▶ [WHAT YOU SHOULD DO]: An exact retyping of all lines below is the answer; pictures do not belong in it.

▶ [THE DATA]:
>>

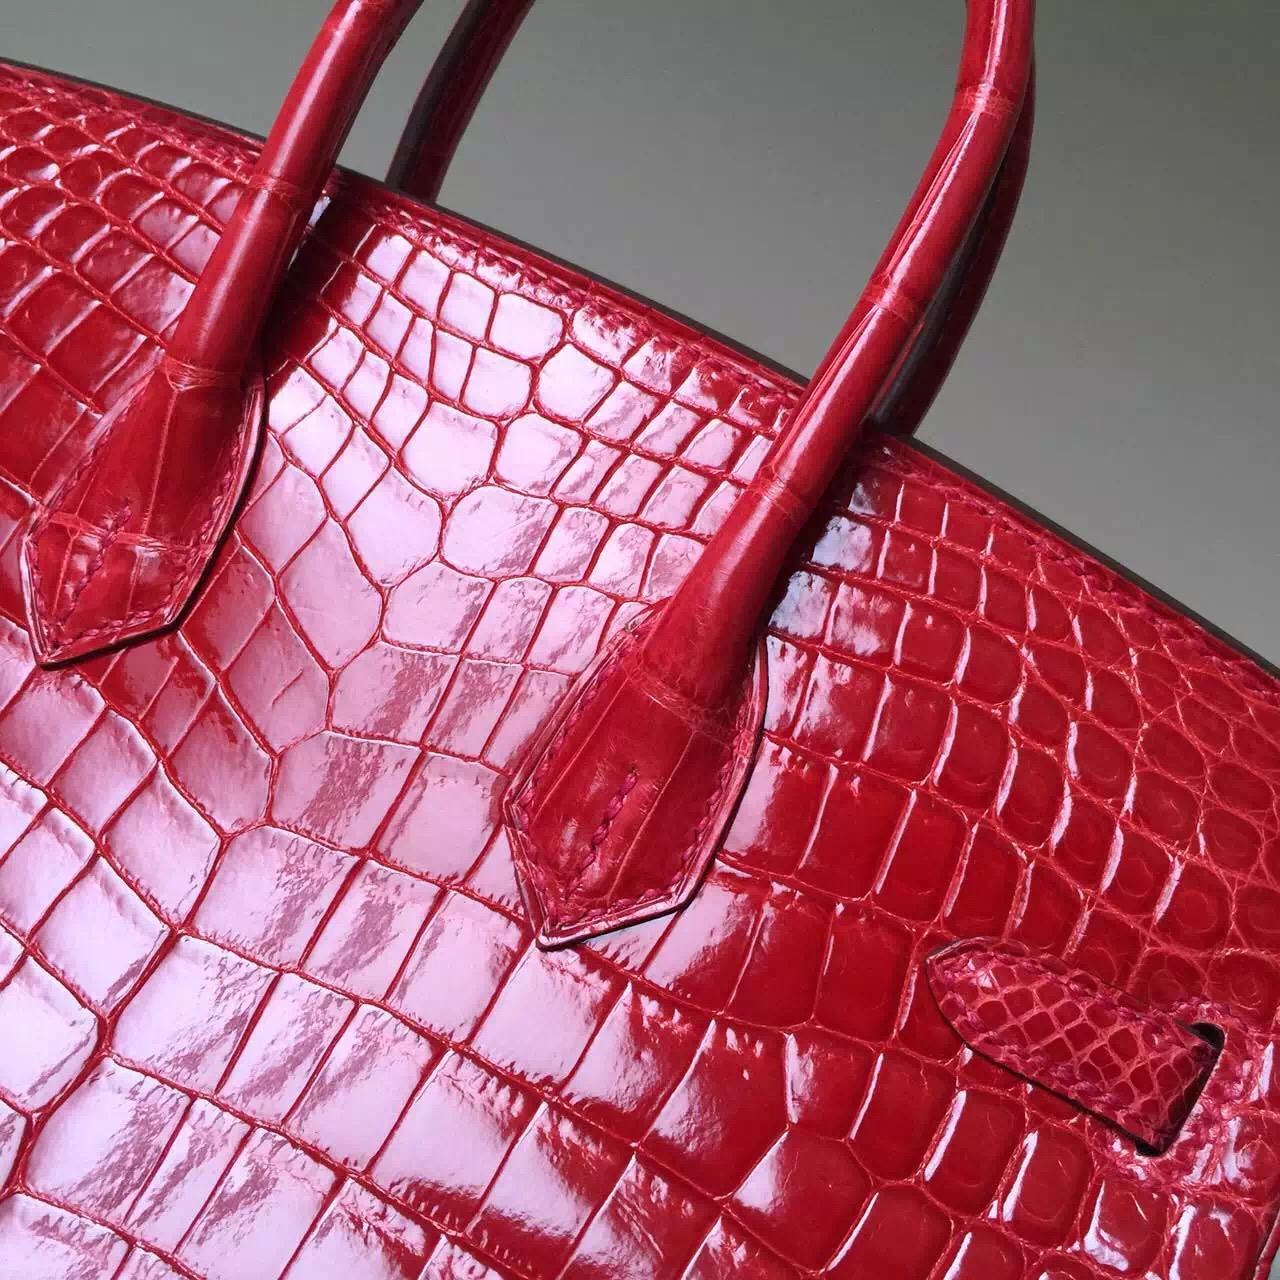 Wholesale Hermes Crocodile Shiny Leather Birkin Bag 25cm in CK95 Ferrari Red
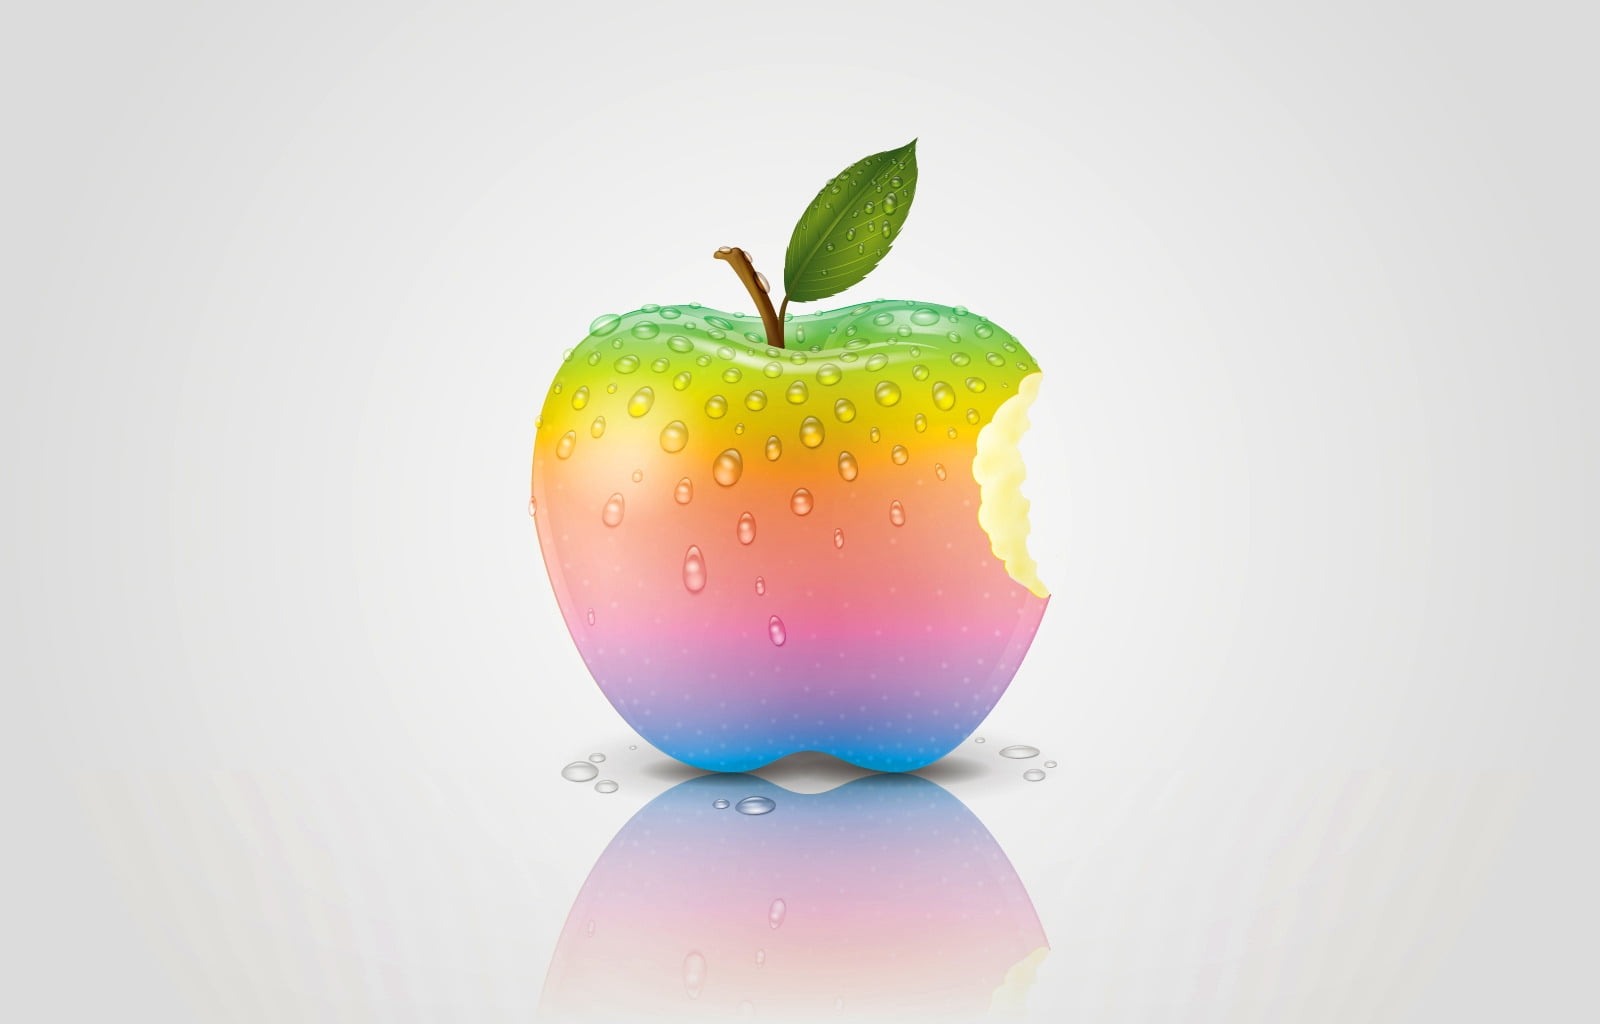 green, yellow, pink, orange, and blue bitten apple
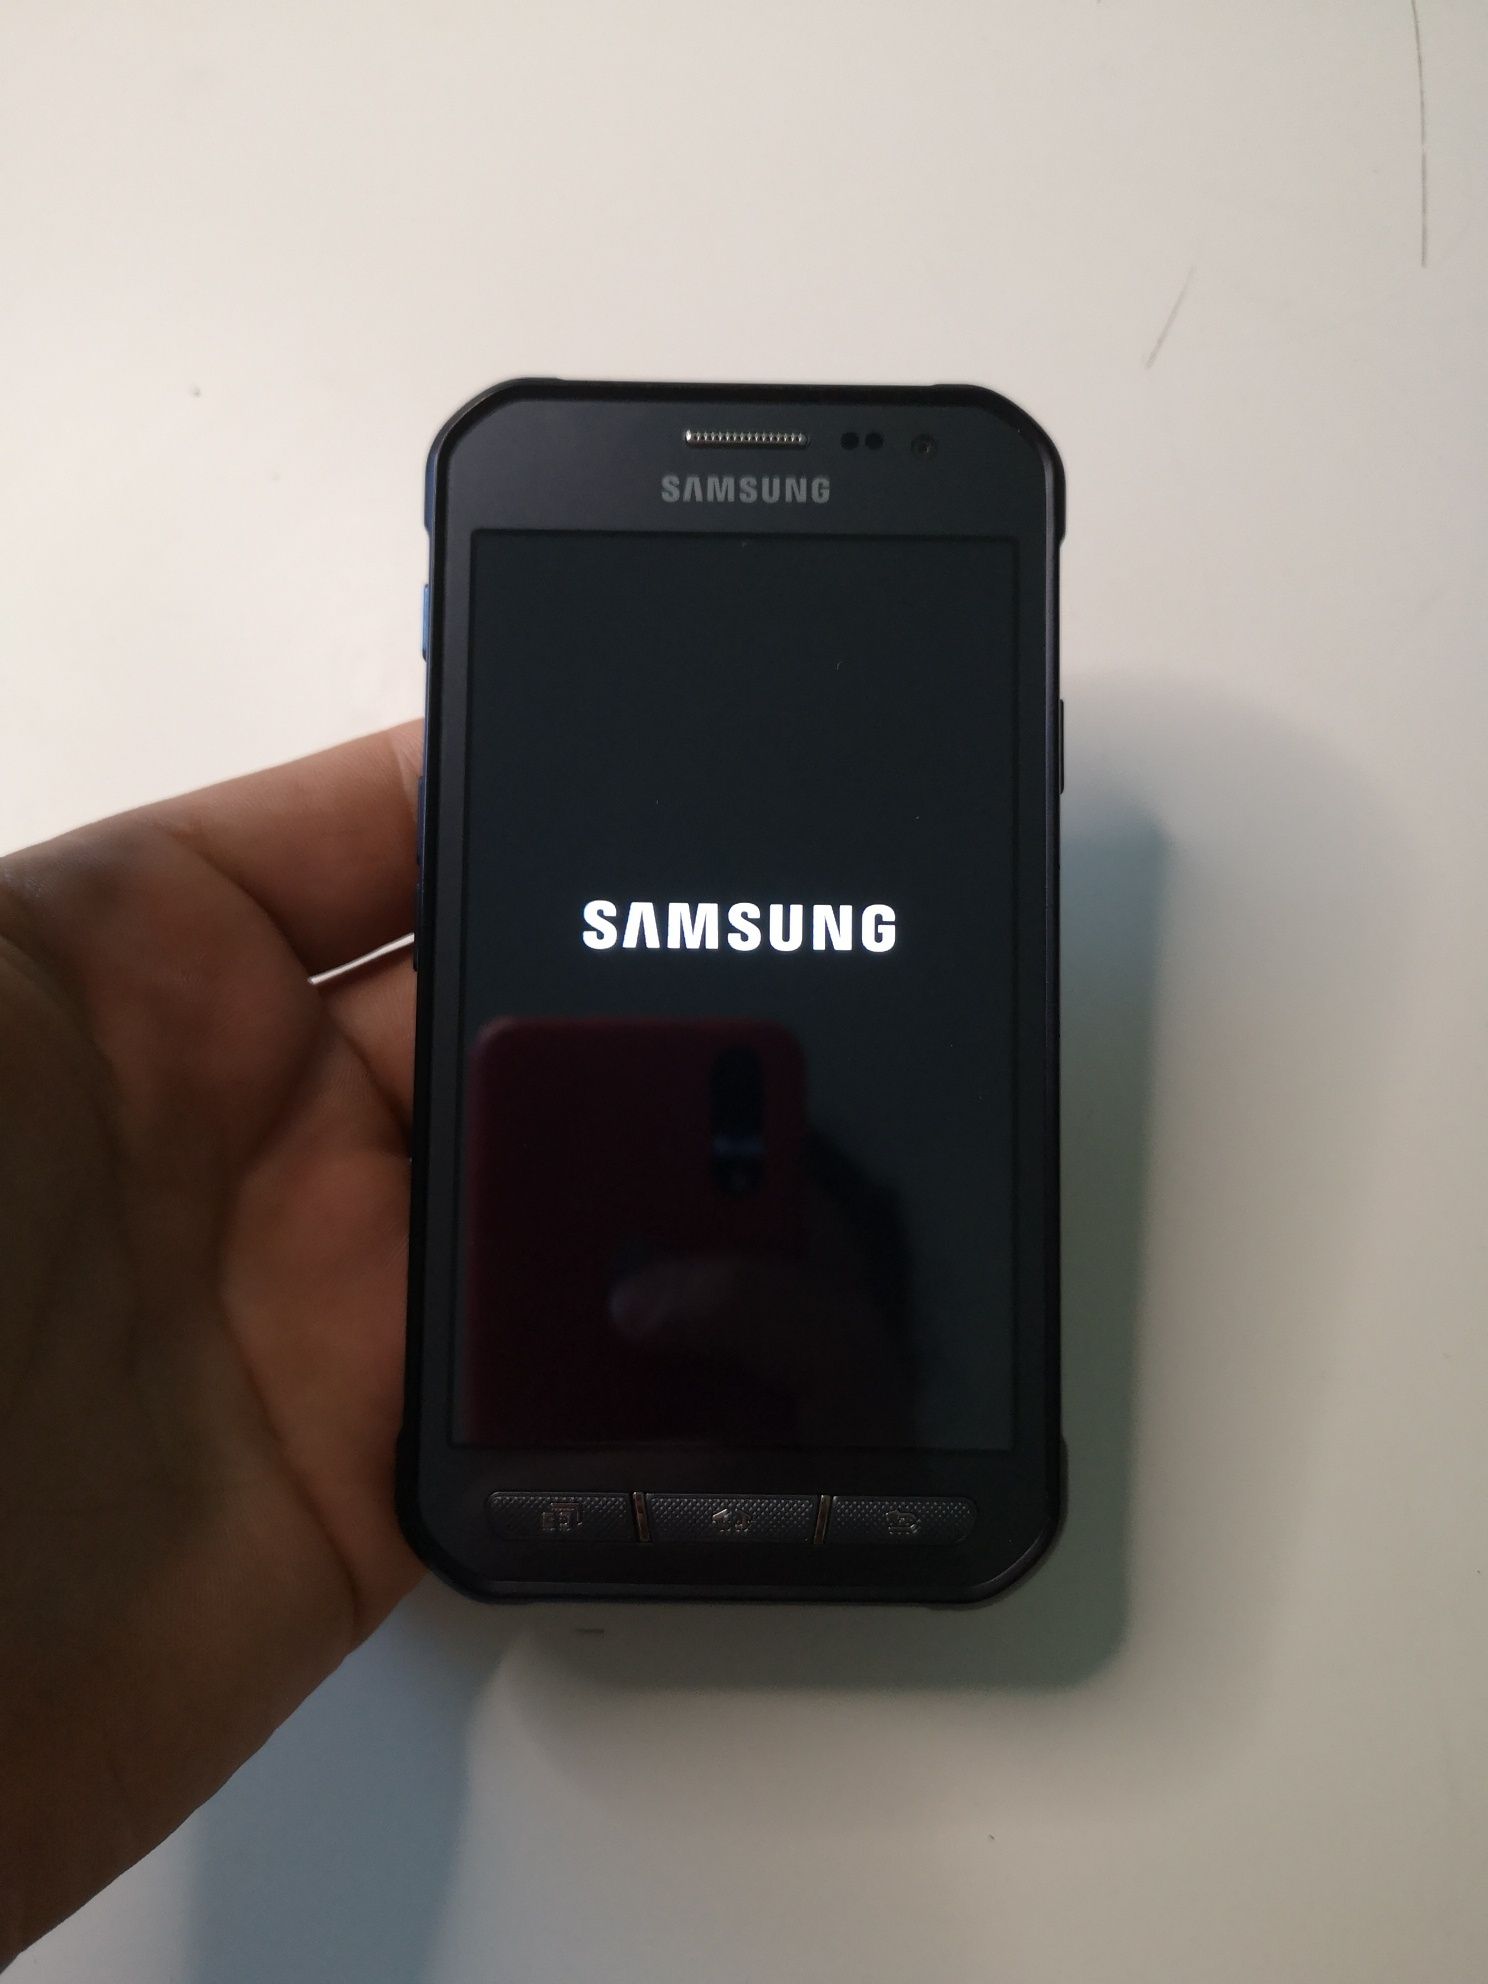 Захищений Samsung Galaxy Xcover 3 Самсунг гелегсі
Samsung

<<

▶ [SOLUTION FOR THIS PROBLEM]:
 Wholesale Hermes Crocodile Shiny Leather Birkin Bag 25cm in CK95 Ferrari Red
 green, yellow, pink, orange, and blue bitten apple
 Захищений Samsung Galaxy Xcover 3 Самсунг гелегсі
Samsung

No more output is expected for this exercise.